Not all protests are riots

It was less than a year ago that protests spread across the nation with the slogan, “Hands up! Don’t shoot!” Only some months before that there were live video feeds of the streets of Ferguson, Missouri, at night, with residents shouting at police armed with assault rifles. In light of the protests today, it seems the media forgot the lesson that they learned back then: Stop reporting sensationalist aspects of civil rights protests — especially the ones that result from an action of violence.

In stories from Ferguson, we saw reporters focusing on the looters and arsonists that were automatically associated with the protests. Suddenly, the protests as a whole were labeled violent. What reporters failed to discuss were the Ferguson residents who cleaned up the broken windows of shops, and even gang members who protected businesses from looters because they were afraid of media coverage taking away from the more important issue: police brutality and the institutional racism that allowed it.

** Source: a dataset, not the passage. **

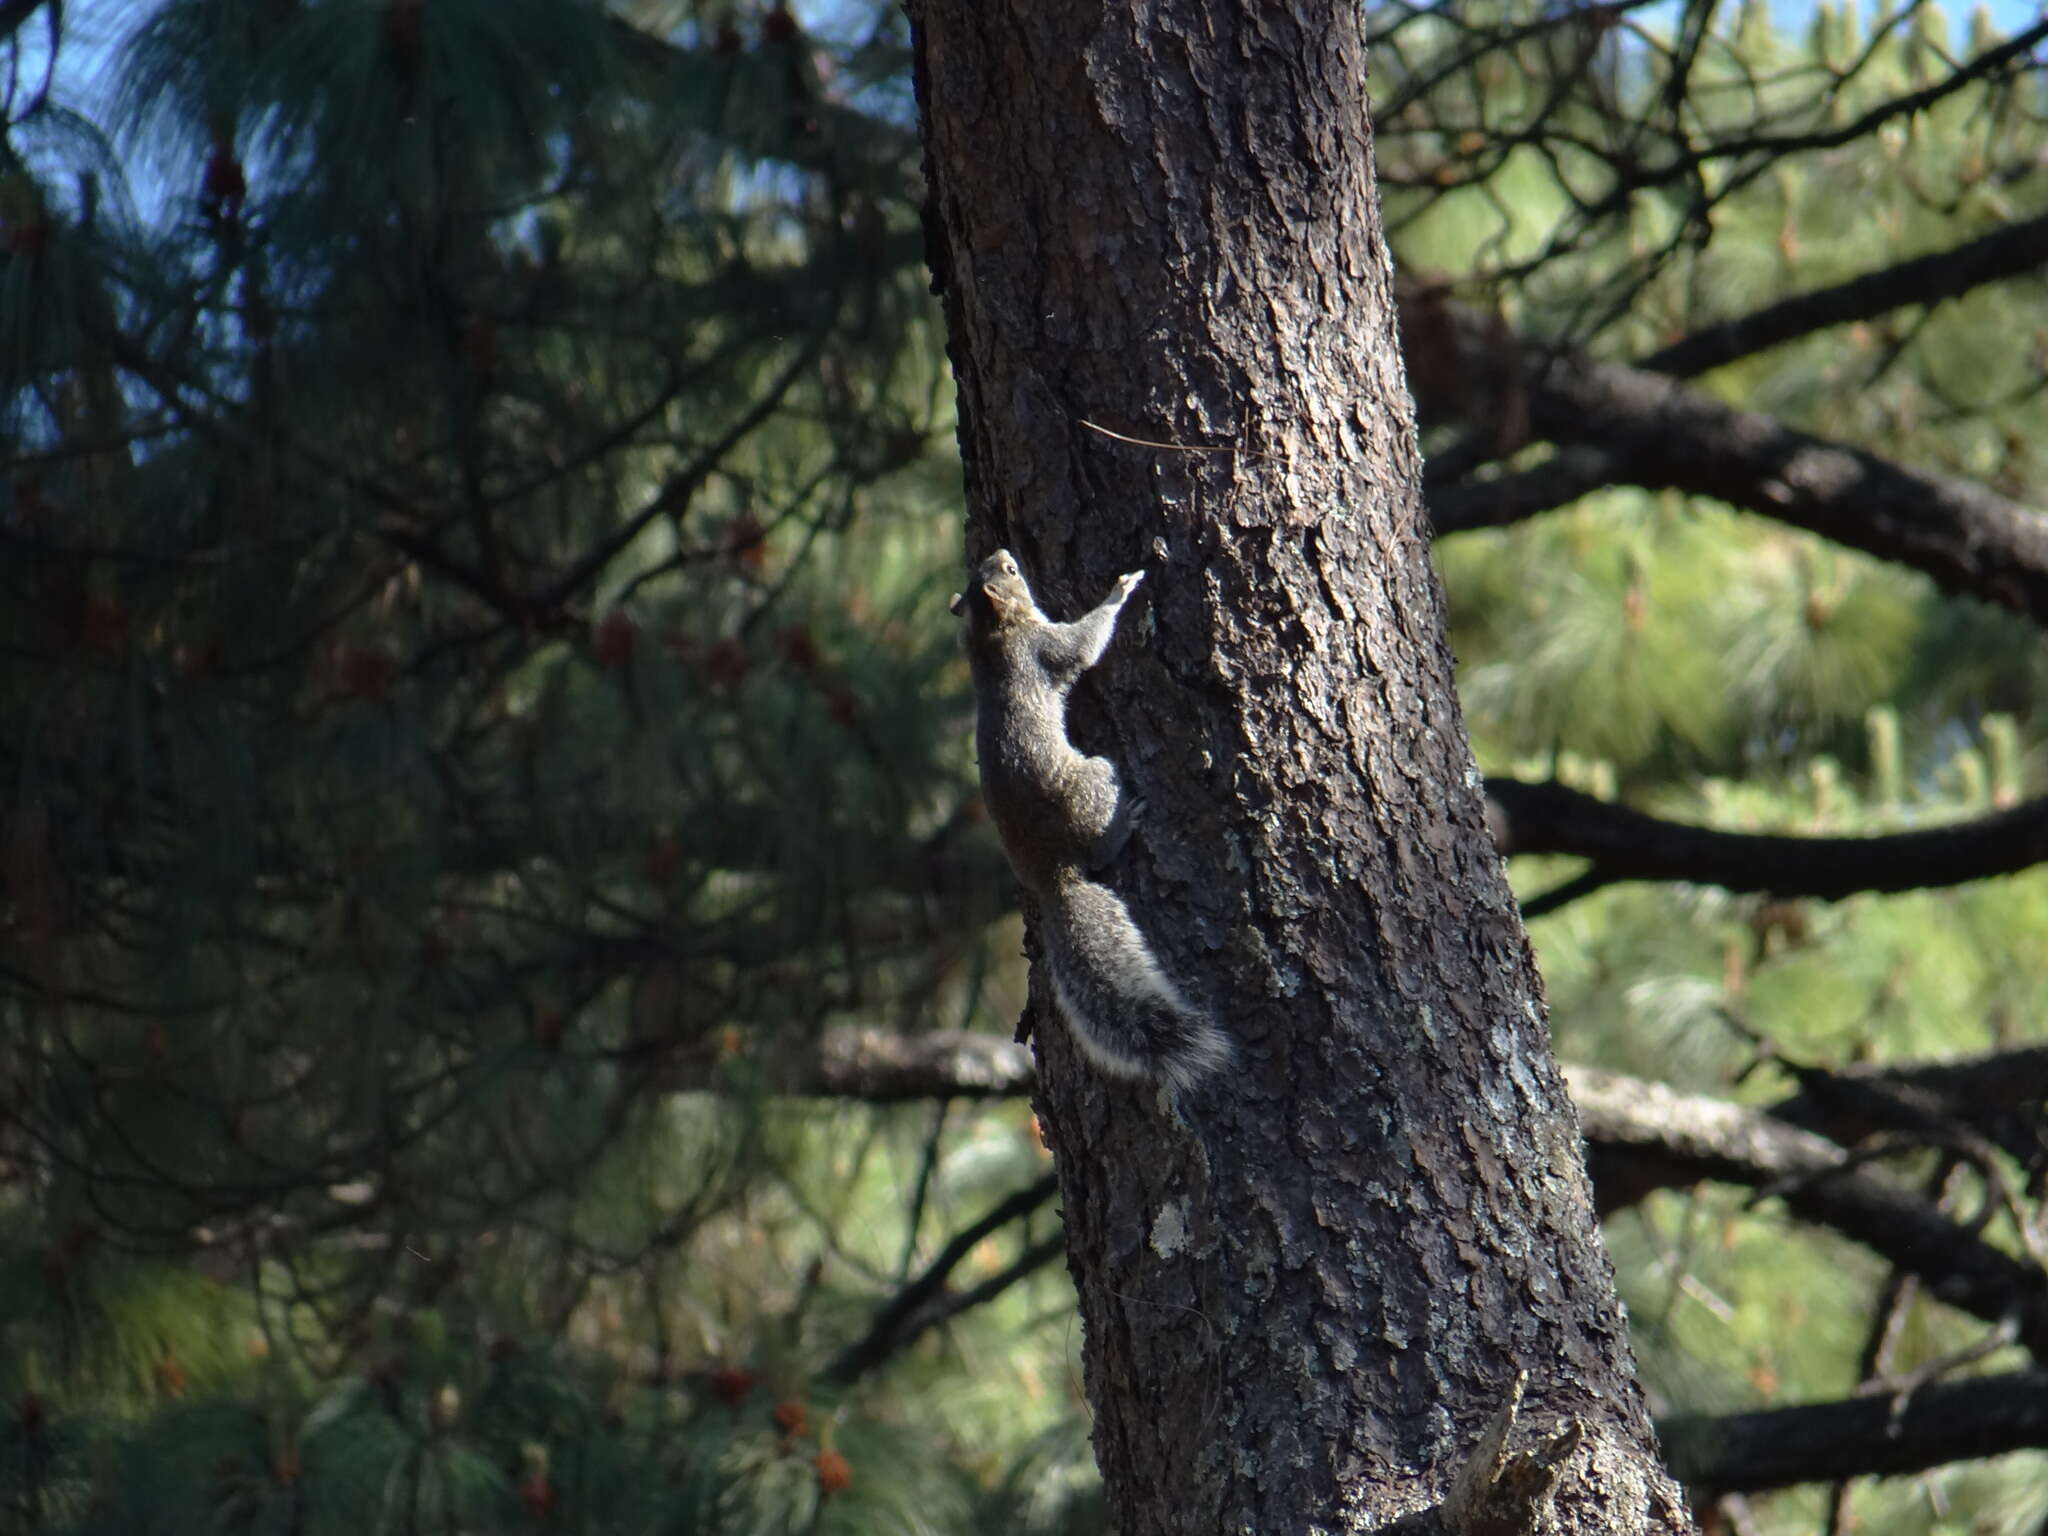 Image of Peters's squirrel

Earlier this week, CNN’s Wolf Blitzer interviewed activist Deeray McKesson. Blitzer kept asking McKesson about the violence in Baltimore, the police cars being burned and injuries sustained by both civilians and police. Blitzer asked him, “There’s no excuse for this violence, right?” McKesson, frustrated, responded, “And there’s no excuse for the seven people that the Baltimore police department has killed in the past year either, right?”

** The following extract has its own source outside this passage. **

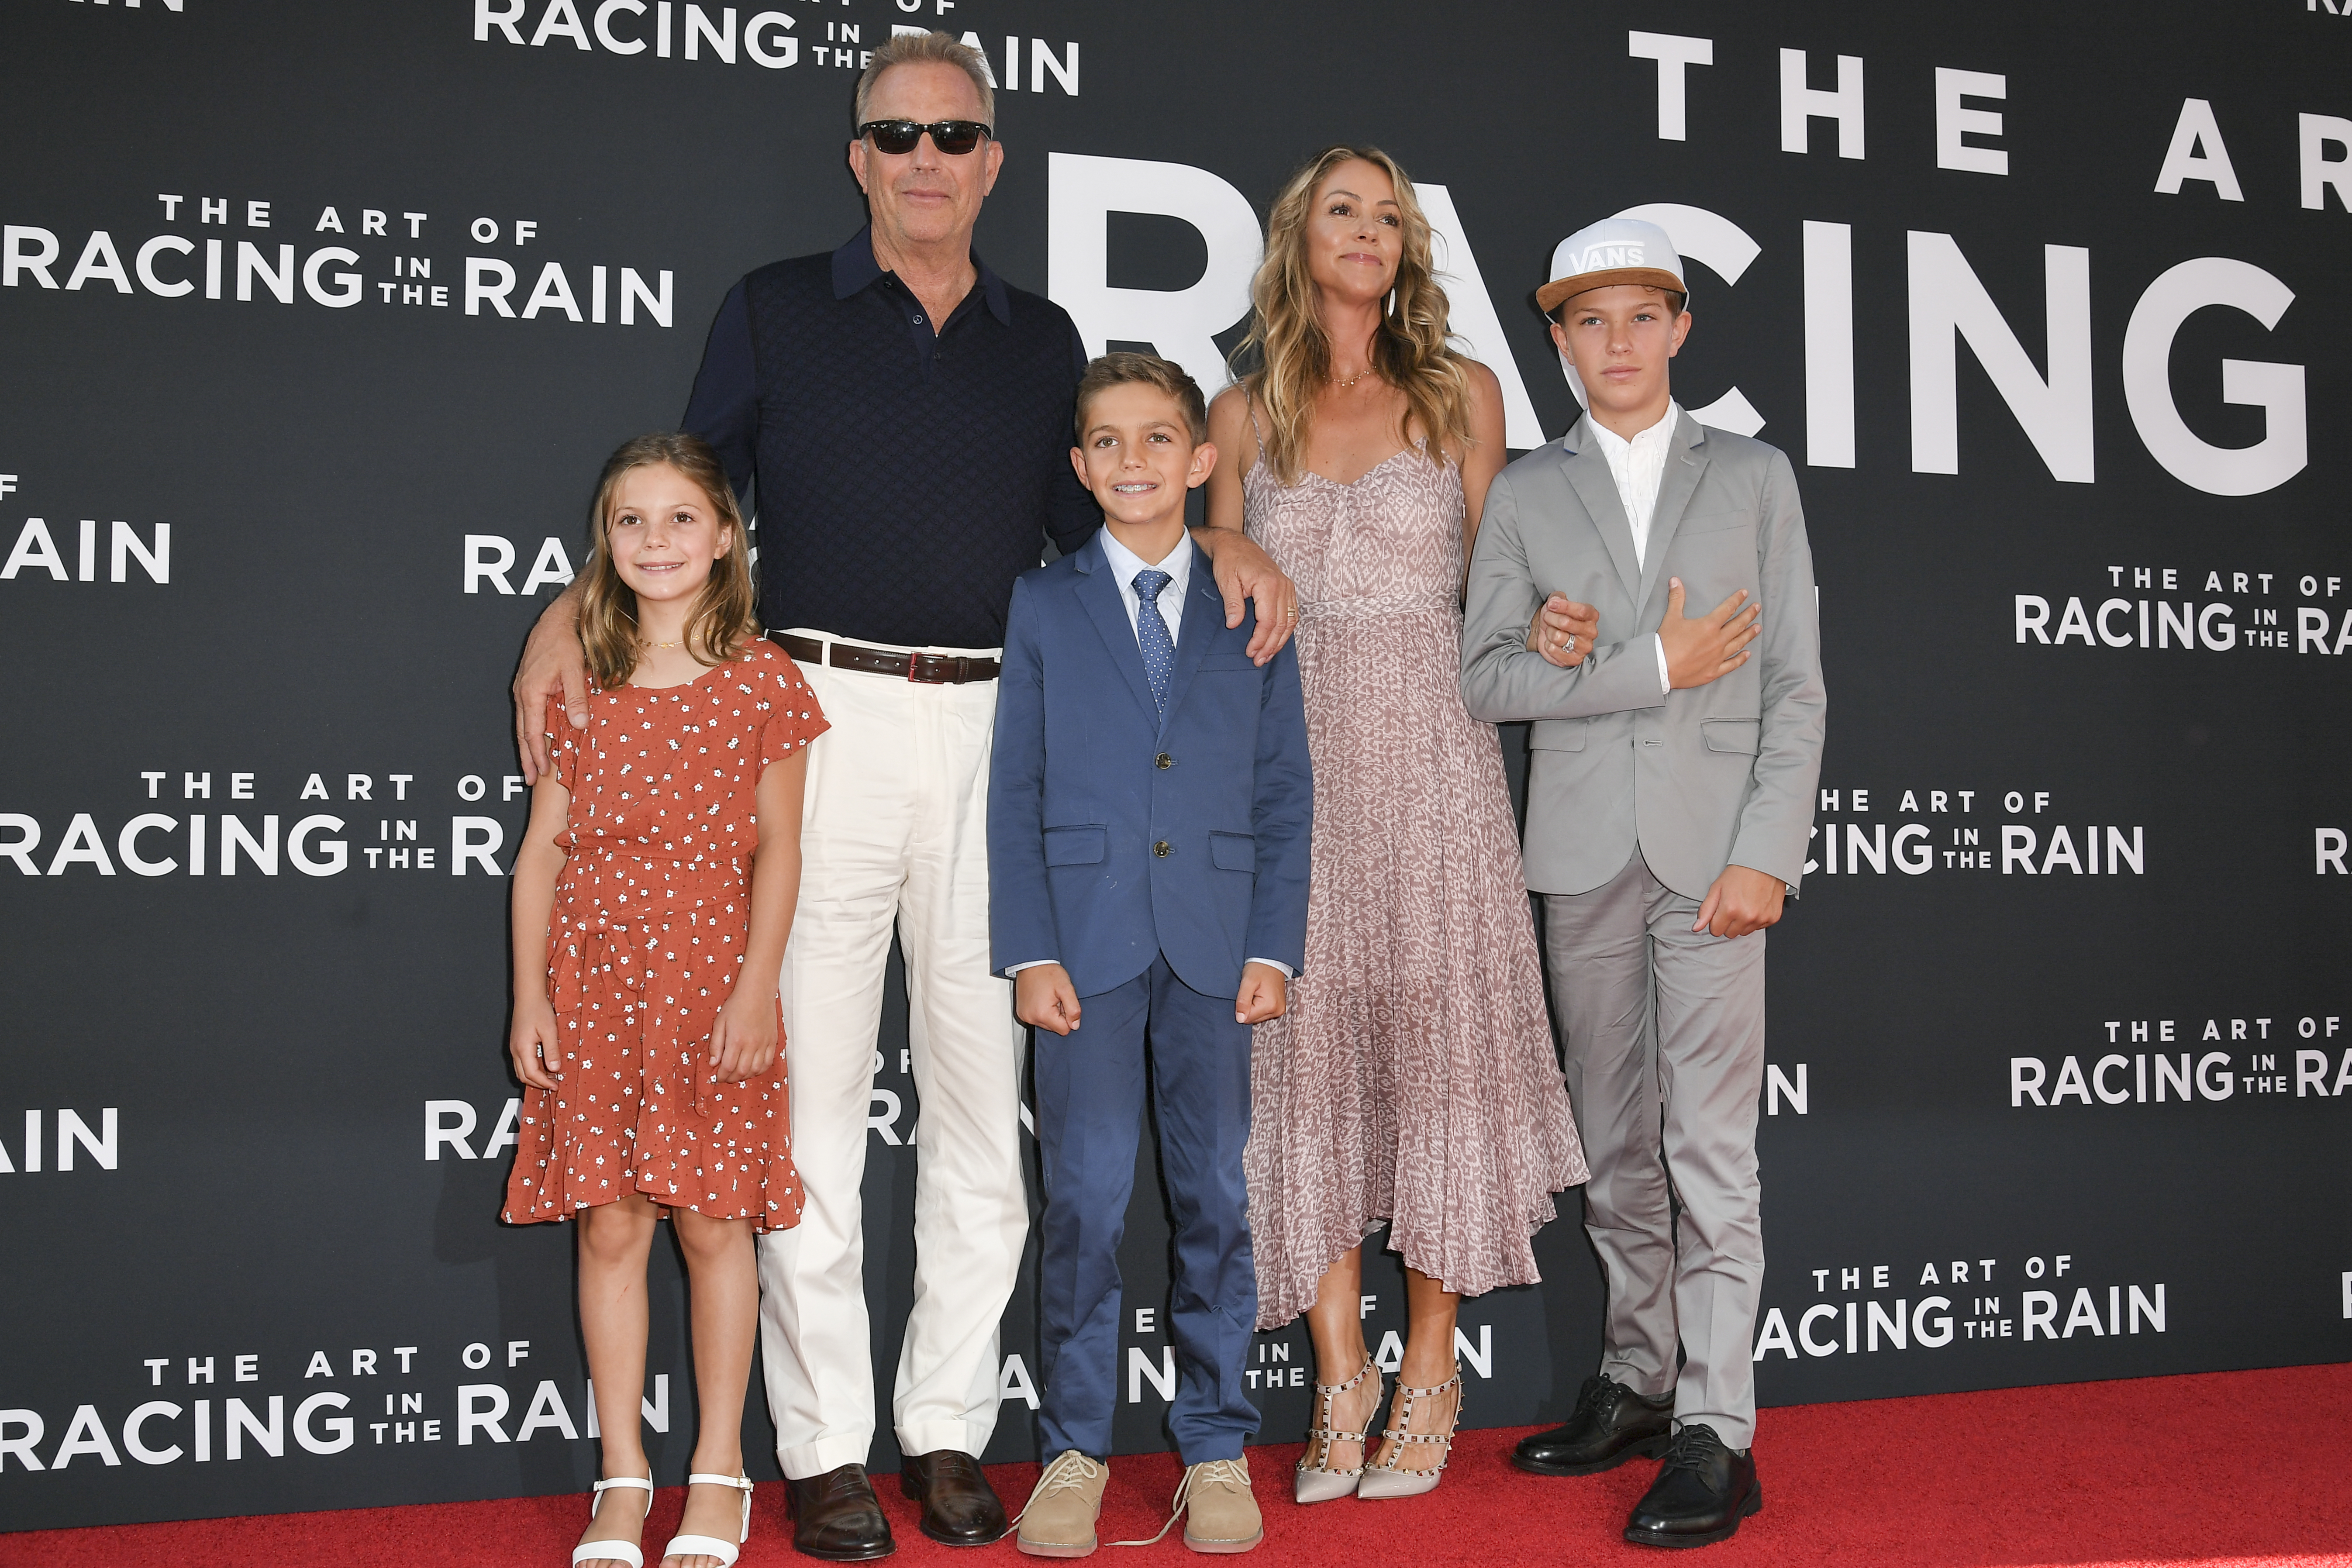 Kevin Costner and Christine Baumgartner at the 'The Art of Racing in the Rain' premiere at El Capitan Theatre, Los Angeles in 2019 | Source: Getty Images

Reporting with such a clear agenda as Blitzer’s doesn’t just fail to do justice to the nature of the protesters, but also the nature of the whole city. Just as often as CNN and Fox News show us images of burning police vehicles and broken windows, there are unseen scenes of Baltimore residents cleaning up after the nights of the protests, taking brooms — not Molotov cocktails — to the the streets of the city. Videos of protesters standing with their arms outstretched in front of the crowd, trying to calm the tension by saying, “Don’t give them a reason,” seem to fail to reach media coverage. Instead, we watch on as a mother beats her son who was participating in the riots — a disturbingly subtle nod of approval from the media to treat protesters this way.

Peaceful protesters are still putting their hands up. They’re still linking arms. They’re still painting signs, singing songs, chanting chants, hoping for a better future. They’re still marching. We’re just not watching.